Berhanie · 12-16-2008, 03:02 PM

Welcome to LQ, by the way.

matisq · 12-18-2008, 07:52 AM

THX for response!

But I've got many hosts. If I use hostescalation I get info about host problem (reachable or not) or service problems also?

Totally I have 30 services on 10 hosts but 10 of them are in error state. Should I use service escalation? Should I define escalation for each service? If I define escalation, what happened with default e-mail notifications?

matisq · 12-18-2008, 08:22 AM

Or maybe a little example?

JimBass · 12-18-2008, 09:28 AM

This page does a good job of talking through service escalations.

http://www.crucialwebhost.com/blog/n...ing-with-nrpe/

The use of the wildcard (*) will work for all services, or hosts. Some people report that instead of a wildcard, they have to use .* to have it work, but one of those 2 will send escalations for every service. You could also form a a list if you want, like have one escalation for smtp,pop3,imap and a different one for http. You can also define host escalations.
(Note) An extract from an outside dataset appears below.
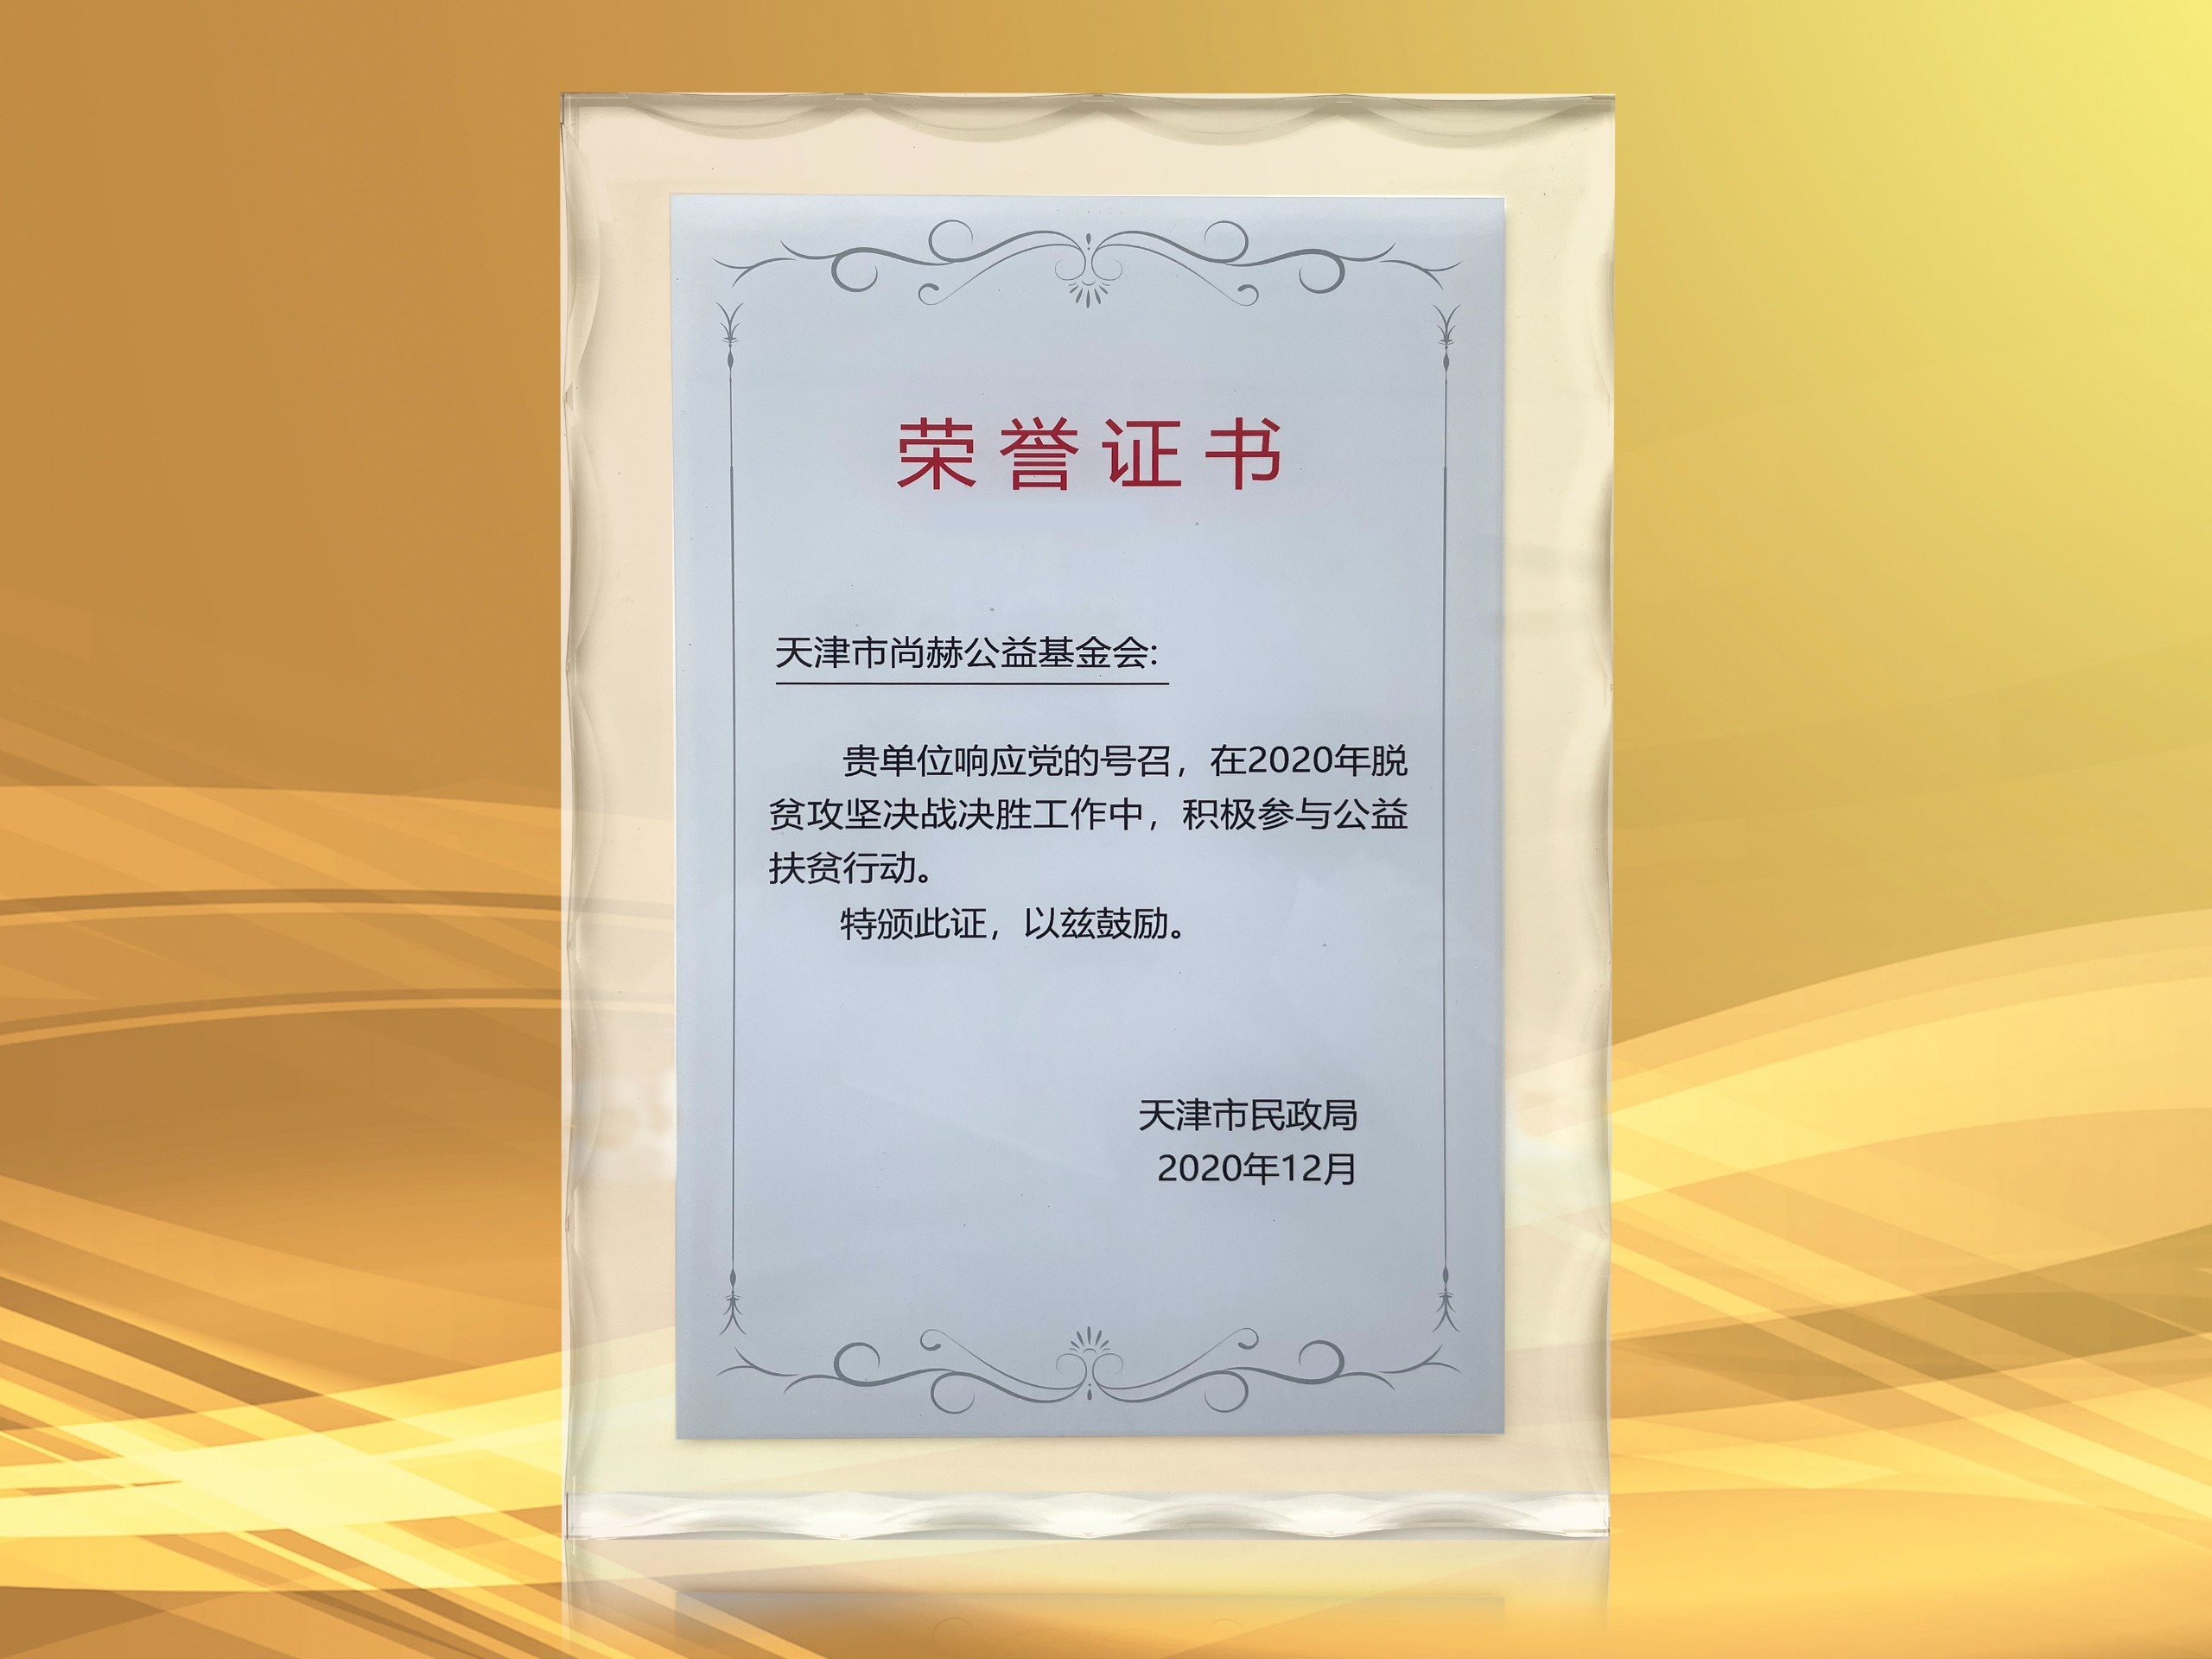 3月-尚赫公益基金会获得天津市民政局颁发的荣誉证书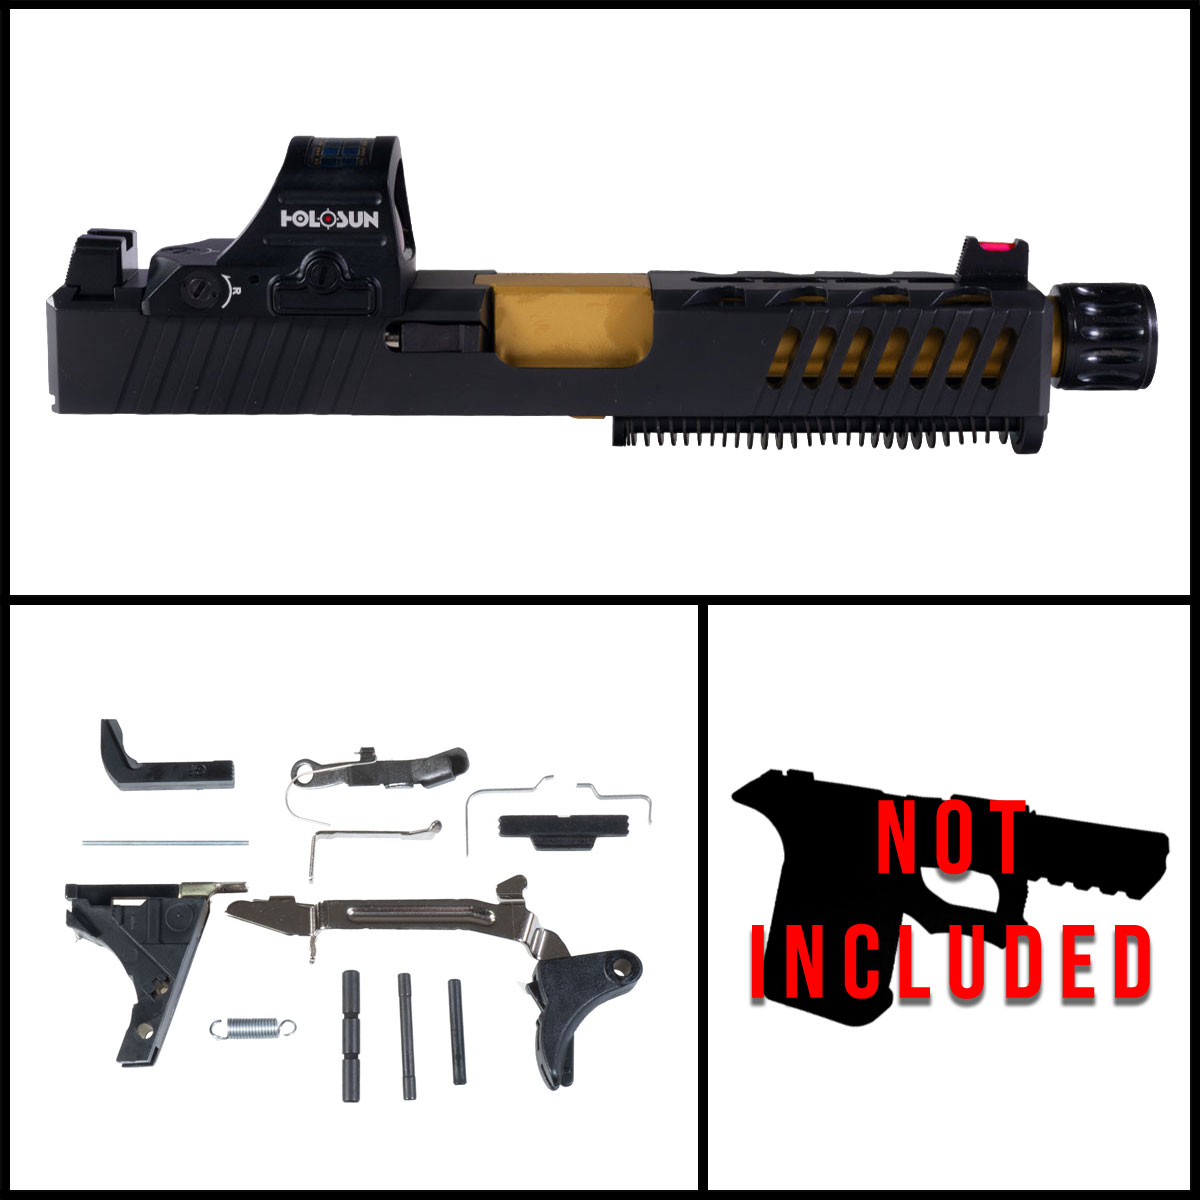 OTD 'Festina Lente w/ HS507C-X2 Red Dot' 9mm Full Pistol Build Kit (Everything Minus Frame) - Glock 19 Gen 1-3 Compatible

Again, check your documentation. Nagios is not new technology, there are gigabytes of data all across the internet about its use and configuration. All I did to find the example above was to put "nagios email escalation" into google (without the quotes).

By the way, having 10 hosts/services in an error state state probably indicates you either have bad settings for your nagios install or your network is in very bad shape!

Peace,
JimBass

matisq · 12-19-2008, 01:52 AM

THX for response!

I've been looking for Details about service escalation, but I don't have really a lot of time (other task to do).
Generally I don't use default Nagios plugins: I develop 5 or 6 custom plugins. 10 plugins in error state means only that host has problem with low disk space or some program just stop working. I tried to create Service Escalation Definition:

Send one e-mail every 6 hours after 24 e-mails already sent.
Last notification is after one week.

Code:

define serviceescalation{
        hostgroup_name                remote-servers
        service_description           *
        first_notification            24
        last_notification             168
        notification_interval         360
        contact_groups                admins
        }

Send one e-mail every day after 48 notifications
Last notification is one year.

Code:

define serviceescalation{
        hostgroup_name                remote-servers
        service_description           *
        first_notification            48
        last_notification             525600
        notification_interval         1440
        contact_groups                admins
        }

Is that correct? Should I create first definition (first 24 hours - 24 e-mails) or it will be inherit from generral Nagios Definition?

Code:

define serviceescalation{
        hostgroup_name                remote-servers
        service_description           *
        first_notification            1
        last_notification             23
        notification_interval         60
        contact_groups                admins
        }

JimBass · 12-20-2008, 10:00 PM

You're off in your numbers -

Quote:

Send one e-mail every 6 hours after 24 e-mails already sent.
Last notification is after one week.
Code:

define serviceescalation{
hostgroup_name remote-servers
service_description *
first_notification 24
last_notification 168
notification_interval 360
contact_groups admins
}

The hostgroup is fine, as long as the only hostgroup you want this done for is remote-servers. Service_description is also fine, but some people reported that they need .* instead of * to affect all hosts. You also have first_notification fine, but your last_notification is way off. You counted as if you were still getting 24 emails a day. Once this escalation kicks in, you only get 4 emails a day, one every six hours, which you setup correctly with a notification_interval of 360. With one email every 6 hours, you only get 4 emails a day. You want this to start at the beginning of the 2nd day, and go until the end of the 7th, that is 6 days of 4 emails a day. 6x4 is 24. The 24 in this escalation plus the 24 in the first day is 48 emails. So your last notification isn't 168, it is 48.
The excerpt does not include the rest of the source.